Shown below is a listing with pictures; reproduce exactly, and only, the lines between the ones containing "A portrait of" and "Nienna Jade bikini", inclusive, leaving the pictures out.

**Study material:**
● ● ●
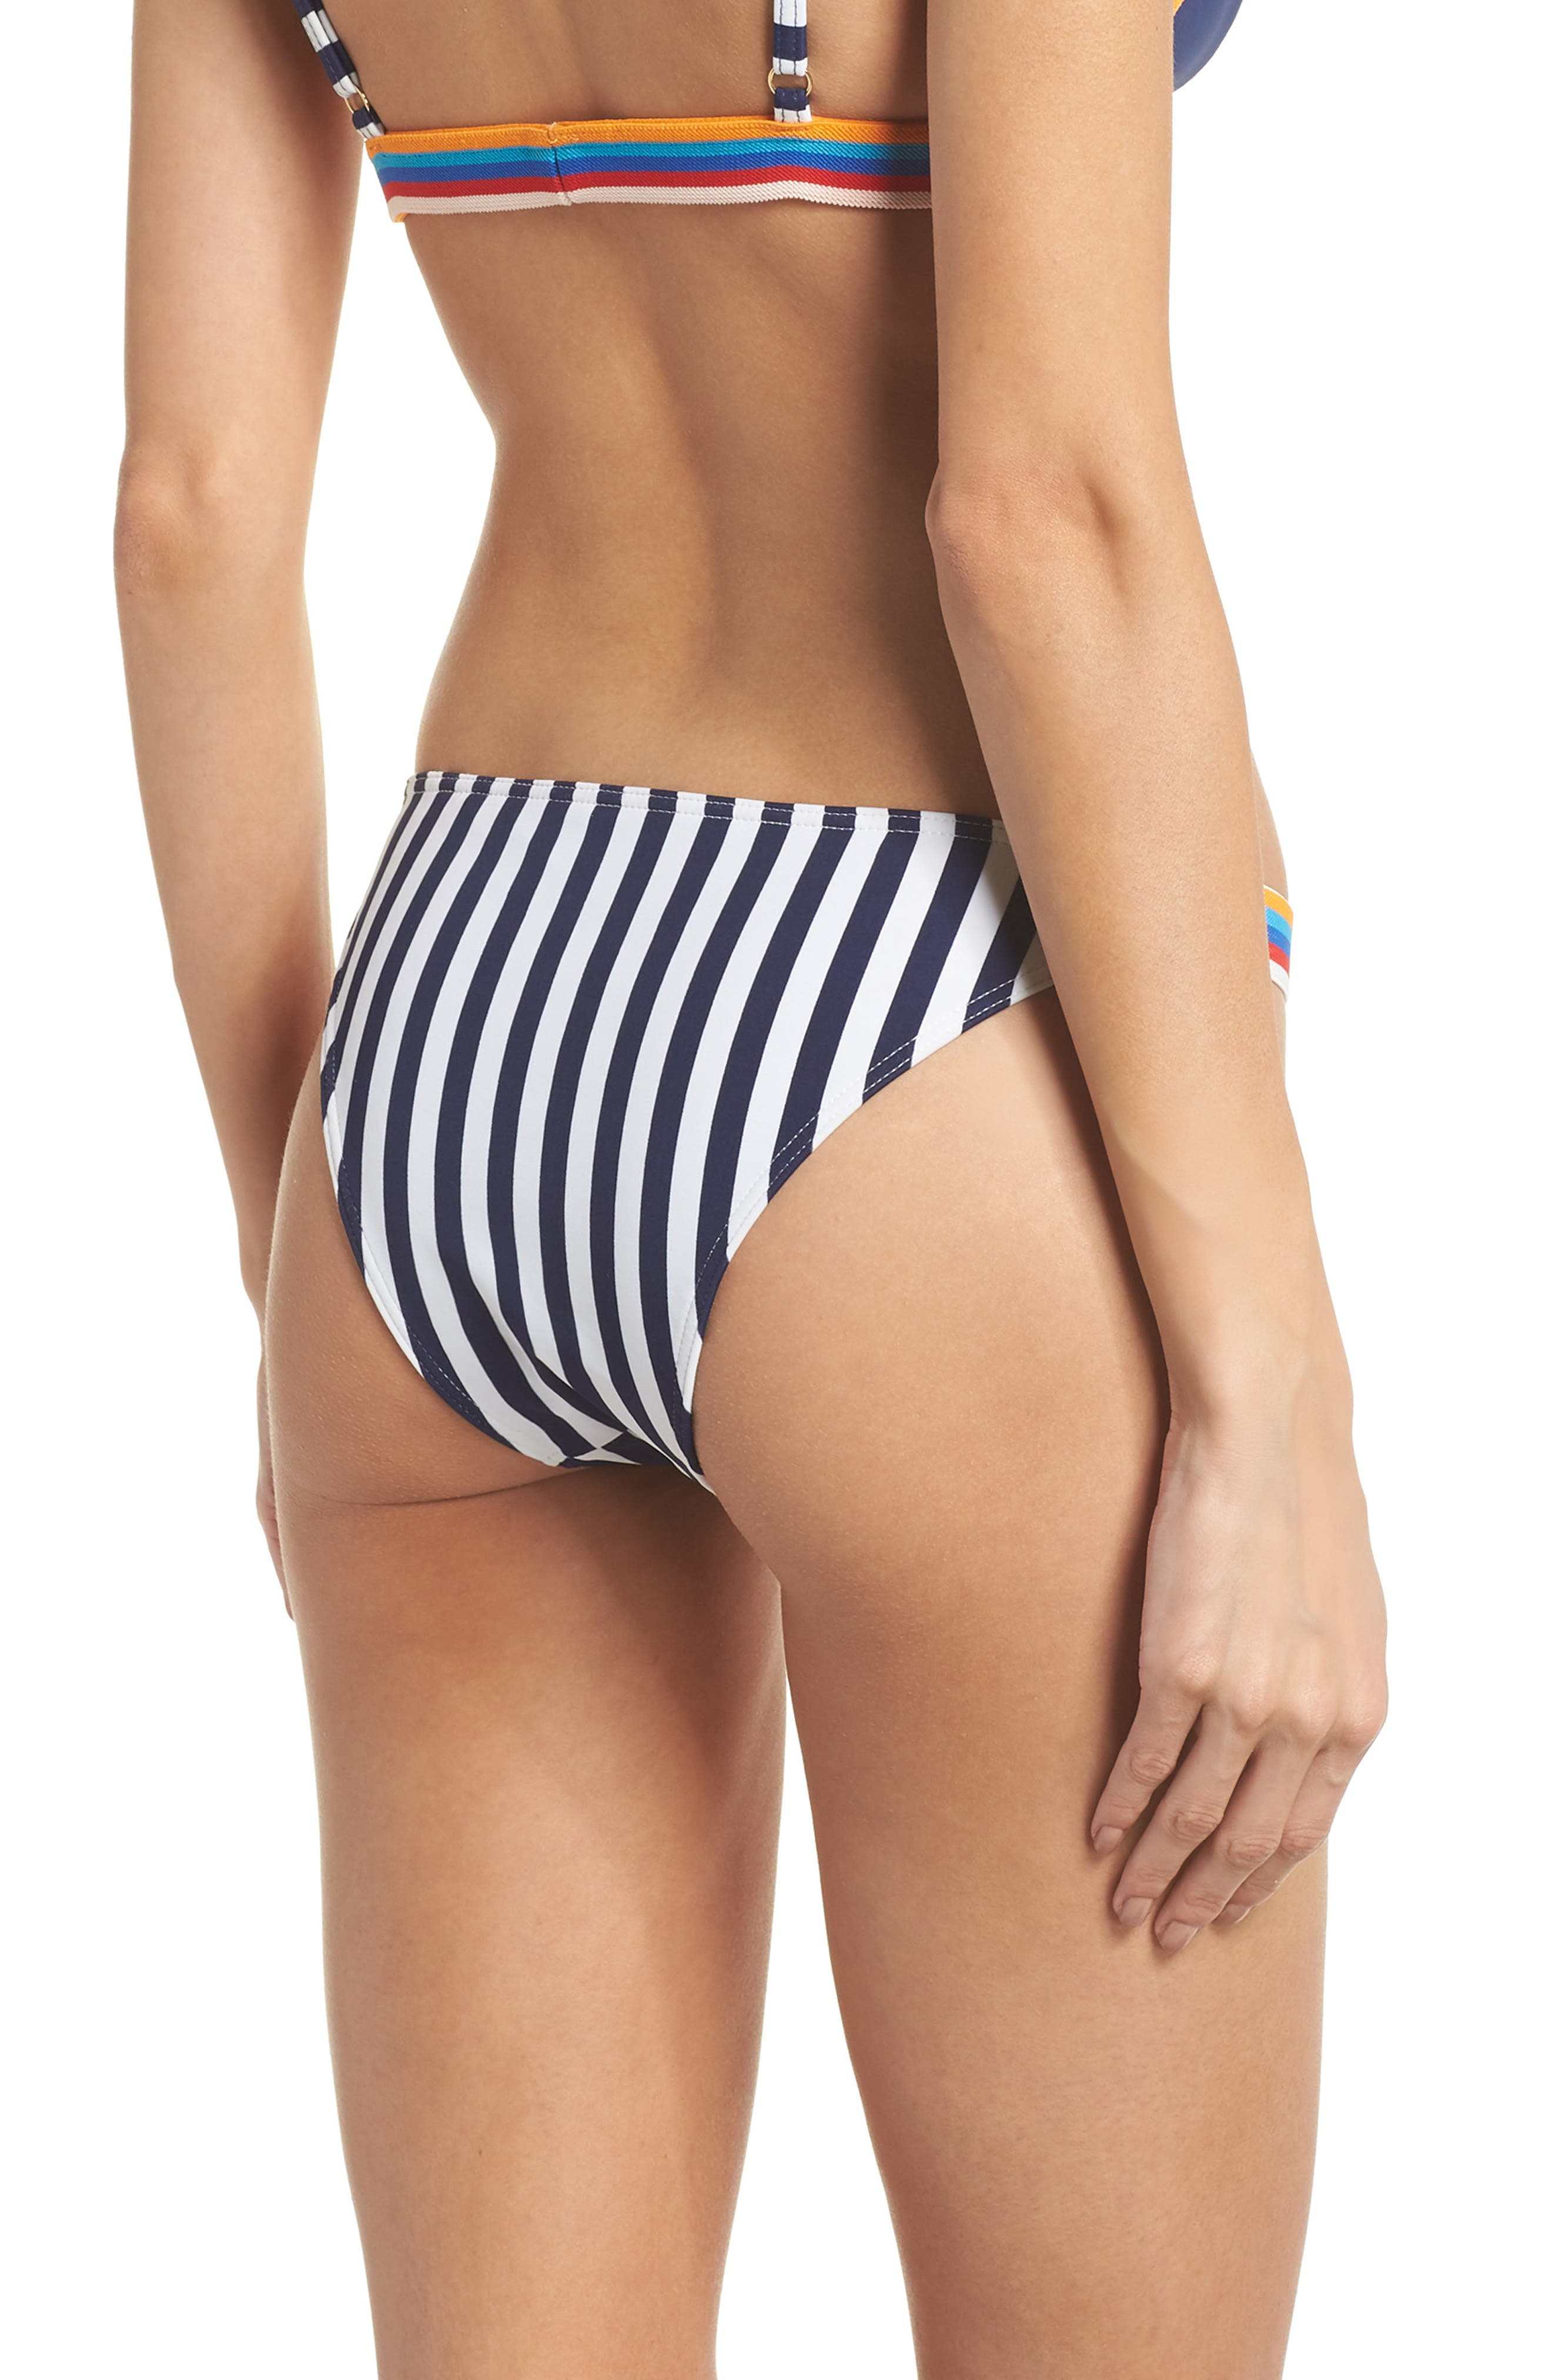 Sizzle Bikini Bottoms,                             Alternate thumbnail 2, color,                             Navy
● ● ●
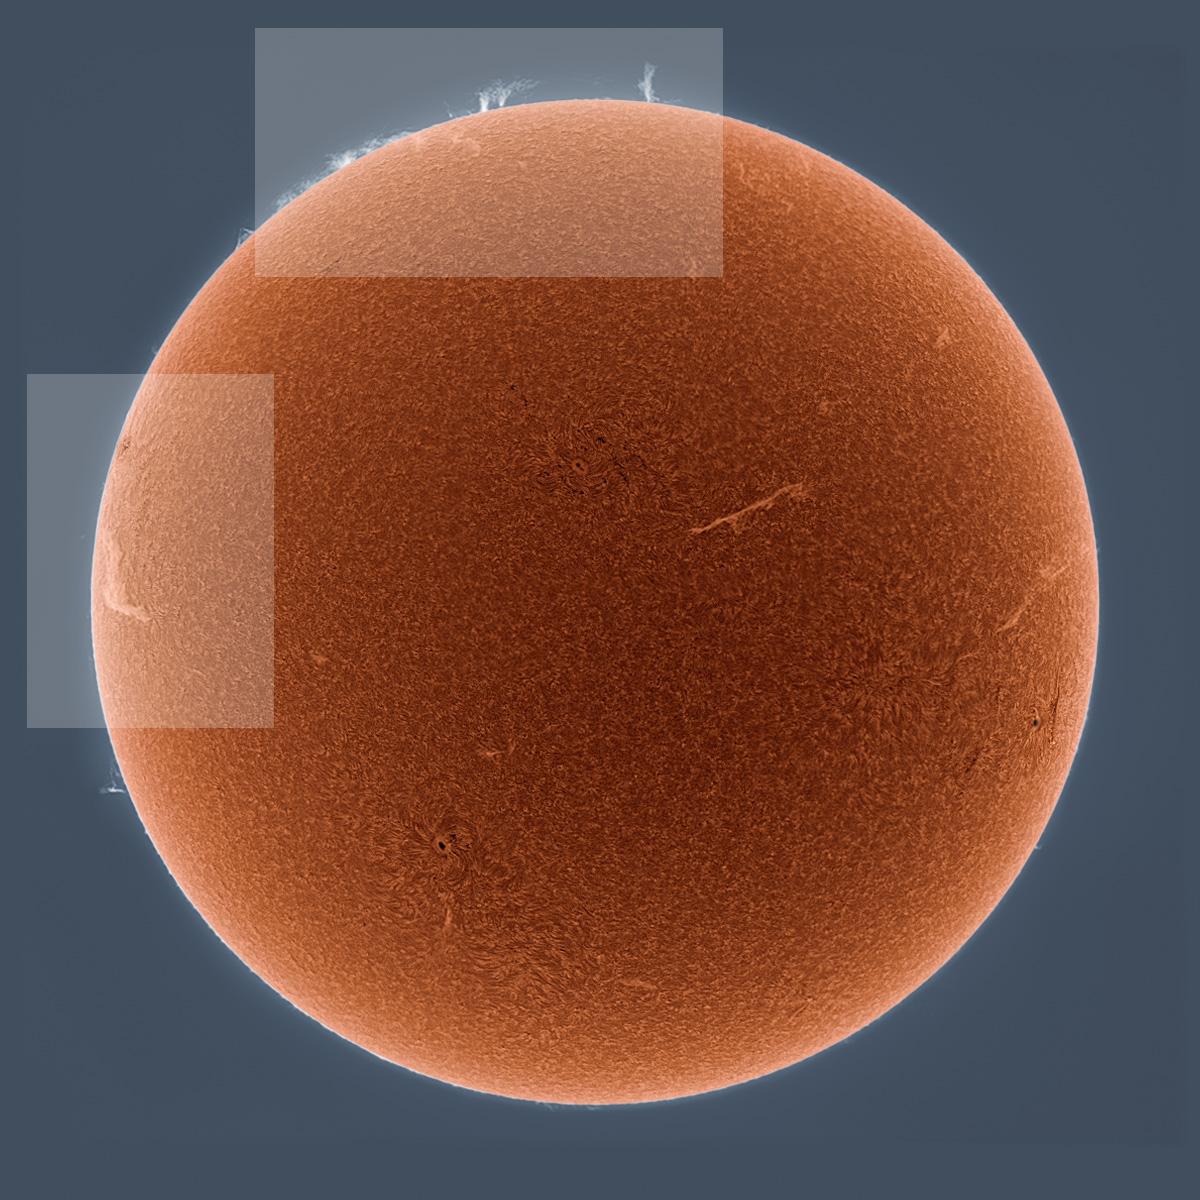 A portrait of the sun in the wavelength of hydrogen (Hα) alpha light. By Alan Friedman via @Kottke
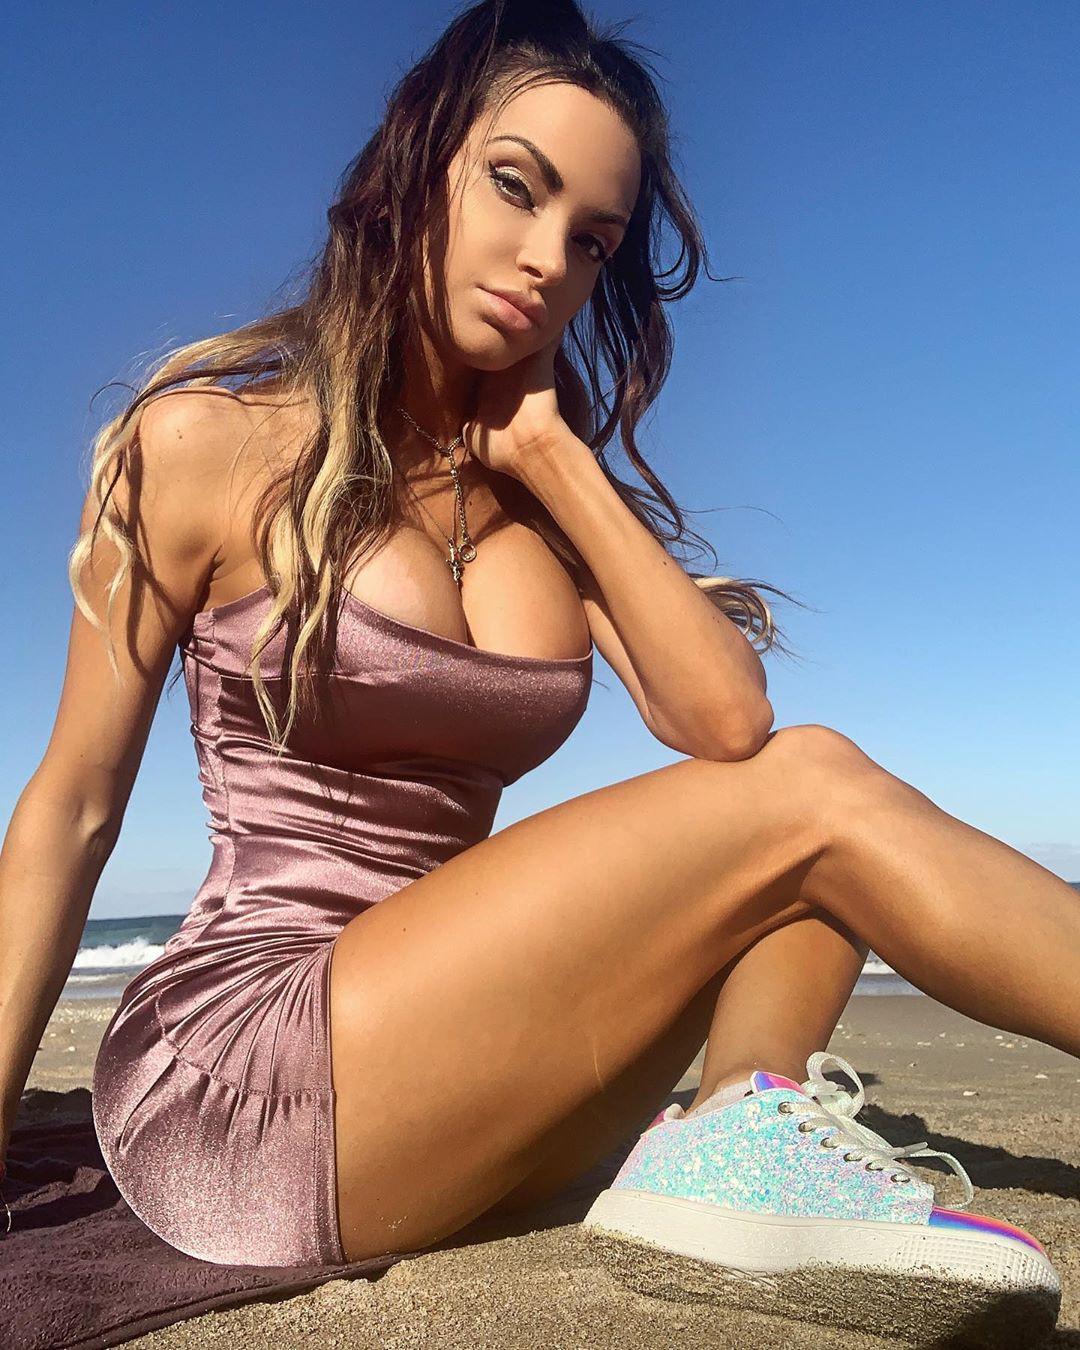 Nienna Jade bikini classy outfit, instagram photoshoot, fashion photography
● ● ●
**Answer section:**
 A portrait of the sun in the wavelength of hydrogen (Hα) alpha light. By Alan Friedman via @Kottke
 Nienna Jade bikini classy outfit, instagram photoshoot, fashion photography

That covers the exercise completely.